9Two are better than one, Because they have a good reward for their labor. 10For if they fall, one will lift up his companion. But woe to him who is alone when he falls, For he has no one to help him up. 11Again, if two lie down together, they will keep warm; But how can one be warm alone? 12Though one may be overpowered by another, two can withstand him.
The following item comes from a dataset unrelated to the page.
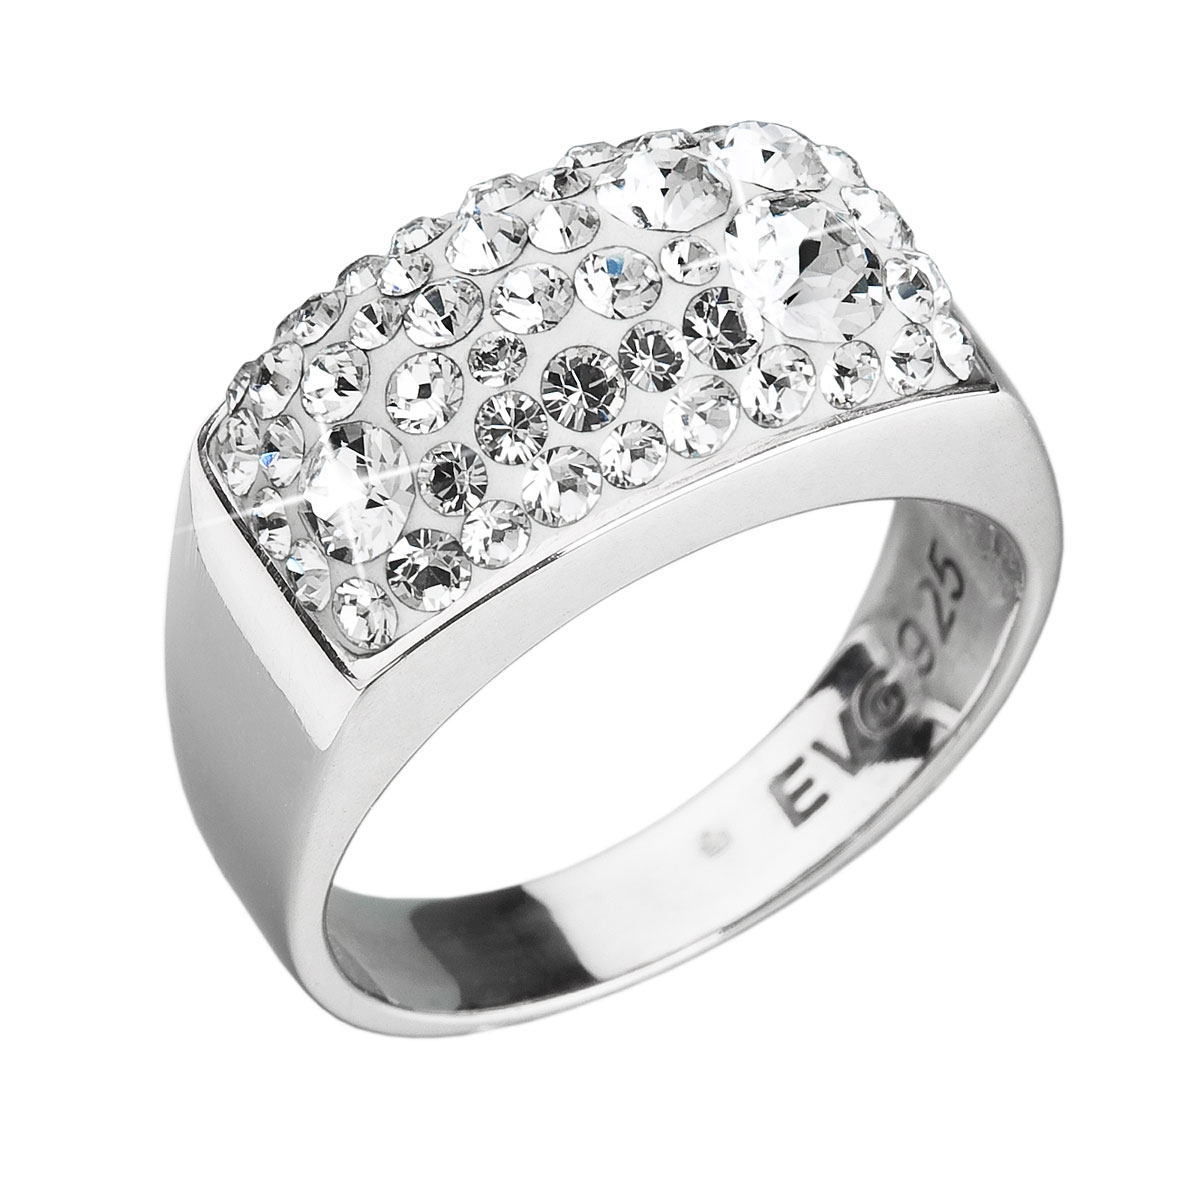 Strieborný prsteň s kryštálmi Swarovski Crystal

And a threefold cord is not quickly broken.
Ecclesiastes 4: 9 - 12 NKJV

So, what were the organizers of these events really looking to accomplish?  Well, I believe in my heart that the motives were indeed good, but how they went about accomplishing this is where we went south.  For having a group of men sit through seminars and praise sessions is NOT the way to build brotherhood.  When we talk of guys building relationships with fellow christian men, I often refer to Jesus and His disciples and the way they shared their time together.  No, the way they shared their LIVES together.  For this was and is the building block of the close relationship between Jesus and His disciples.  During the years of His ministry, these men shared their lives with the image of the invisible God!  They lived, ate and traveled with their Lord and teacher.  I have no doubt that this is exactly why they shared such a close relationship with one another.  Think back to that group of guys you knew, or know, and how close you became in your friendship.  Now, while it is definately true that men and women develop relationships differently, this by no means diminishes the importance of our vital relationships with our brothers.  As men, we all need those brothers in our lives who we can turn to in our time of need.  Of course, where women will get together for coffee or shopping, we men often gather for hiking, fishing or (Gasp!) GAMBLING!  For some time, Dennis and I have had a standing reservation for a weekly dinner meeting.  Usually if we don't schedule something, one of us will text and ask which day is a good day to meet.  These aren't strategy or ministry sessions, just two friends enjoying dinner.  Again, I mention the example of Jesus and His disciples.  Dennis and I do not practice that all too familiar institutional church discipleship, we just share life together.  Not only that, but we share a brotherhood with our brothers on Sunday morning as well.  Perhaps the Promise Keepers could take a lesson from our little group.